HOW TO COMPLETE THIS TASK
Retype all data exactly as given. Pictures should not be retyped.

DATASET EXCERPT

****************************************

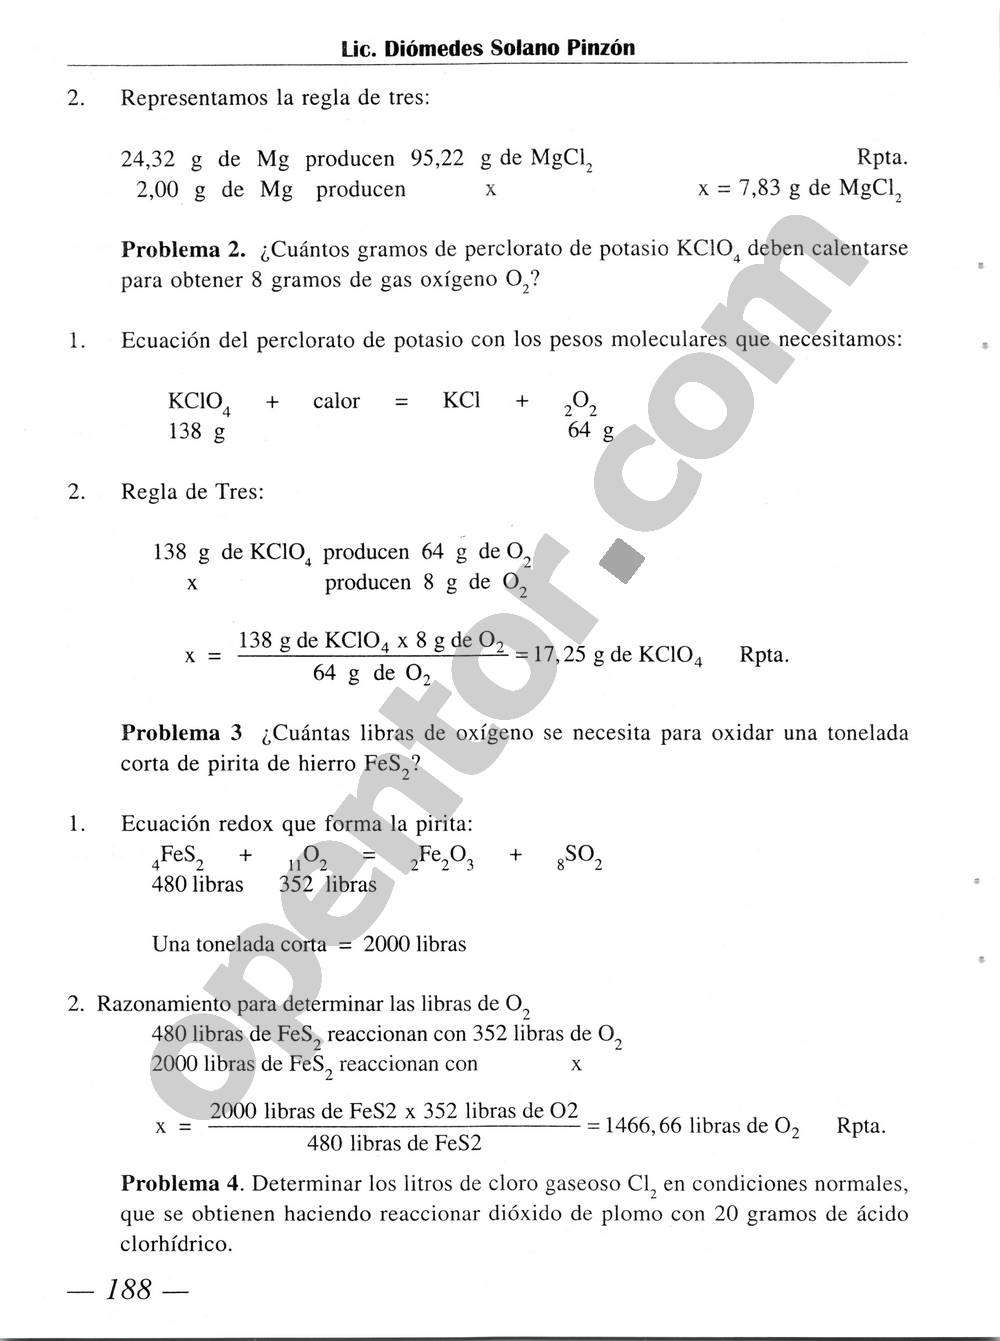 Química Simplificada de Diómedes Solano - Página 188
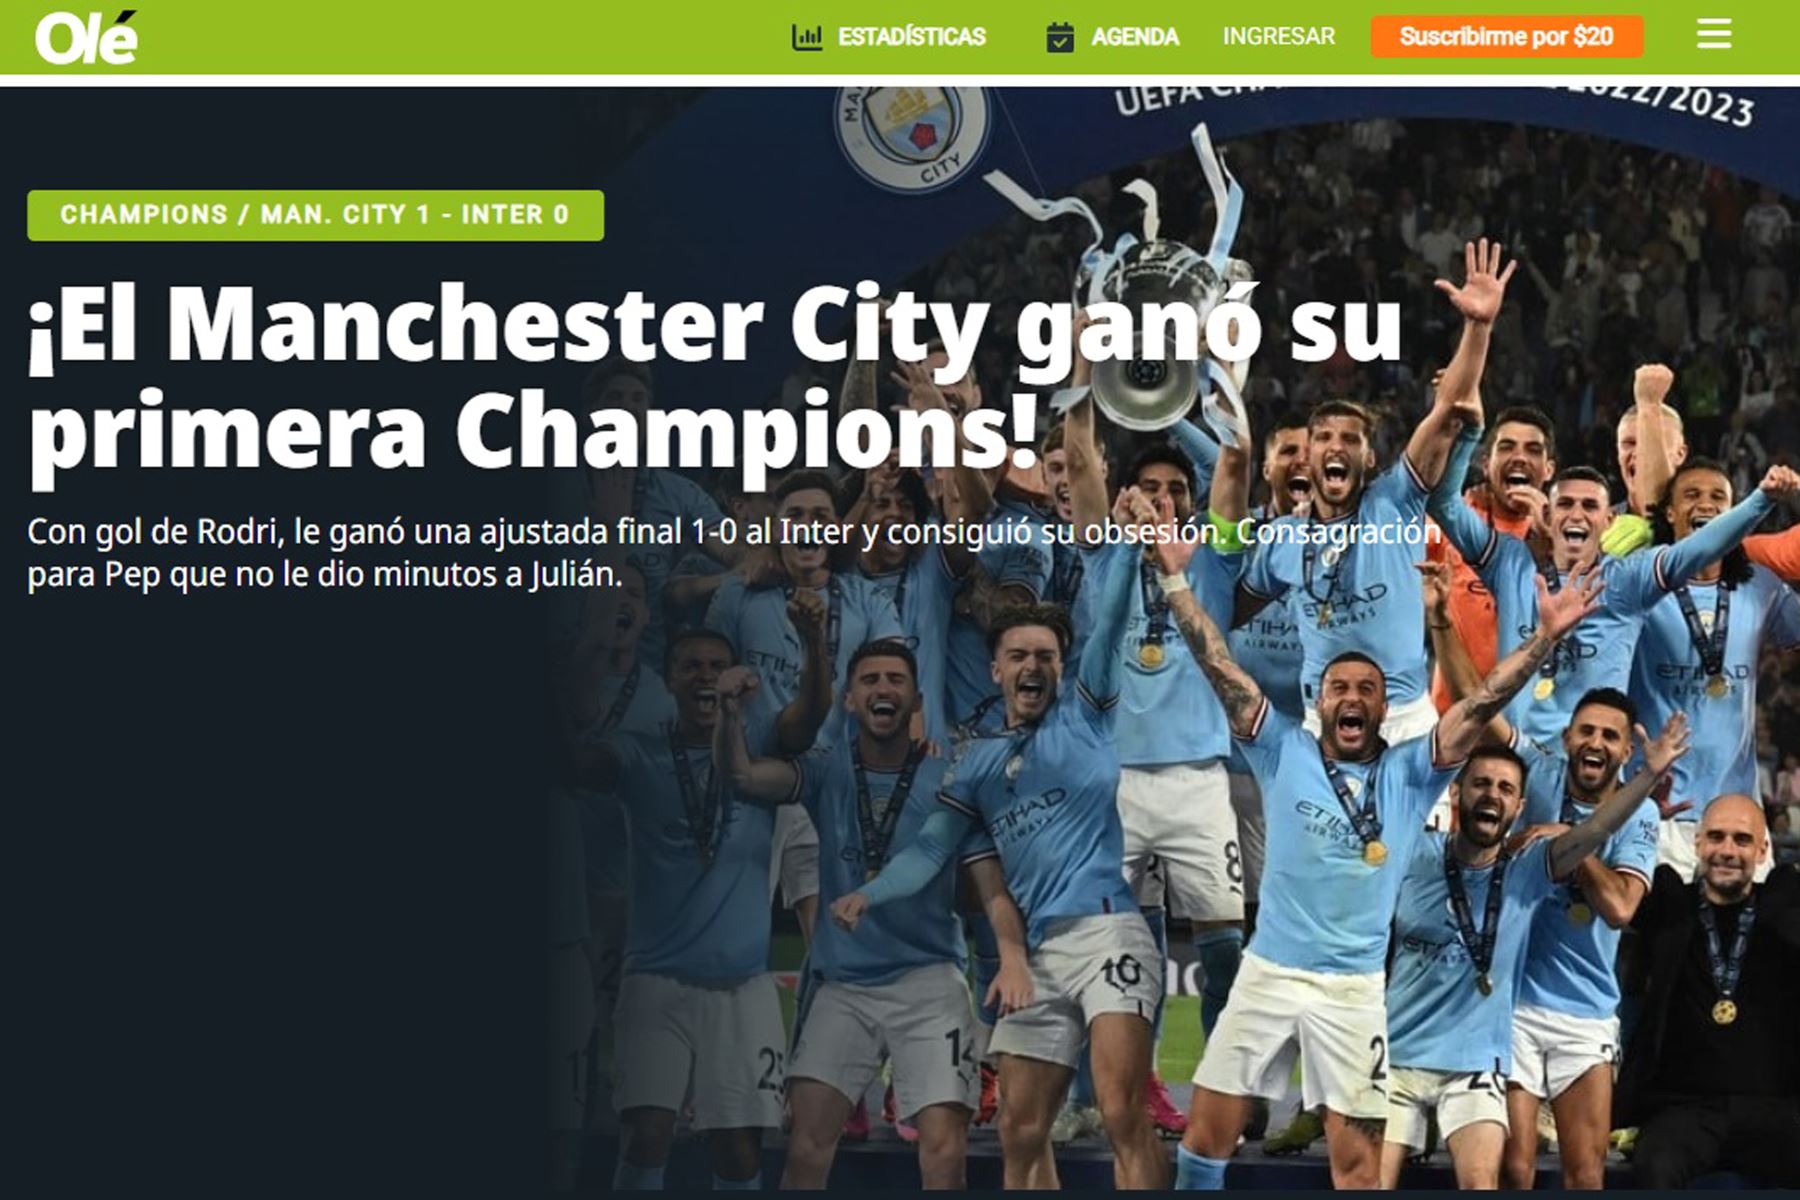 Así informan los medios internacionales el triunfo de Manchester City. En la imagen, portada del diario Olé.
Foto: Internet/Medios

****************************************

ANSWER TO THE PROBLEM
 Química Simplificada de Diómedes Solano - Página 188
 Así informan los medios internacionales el triunfo de Manchester City. En la imagen, portada del diario Olé.
Foto: Internet/Medios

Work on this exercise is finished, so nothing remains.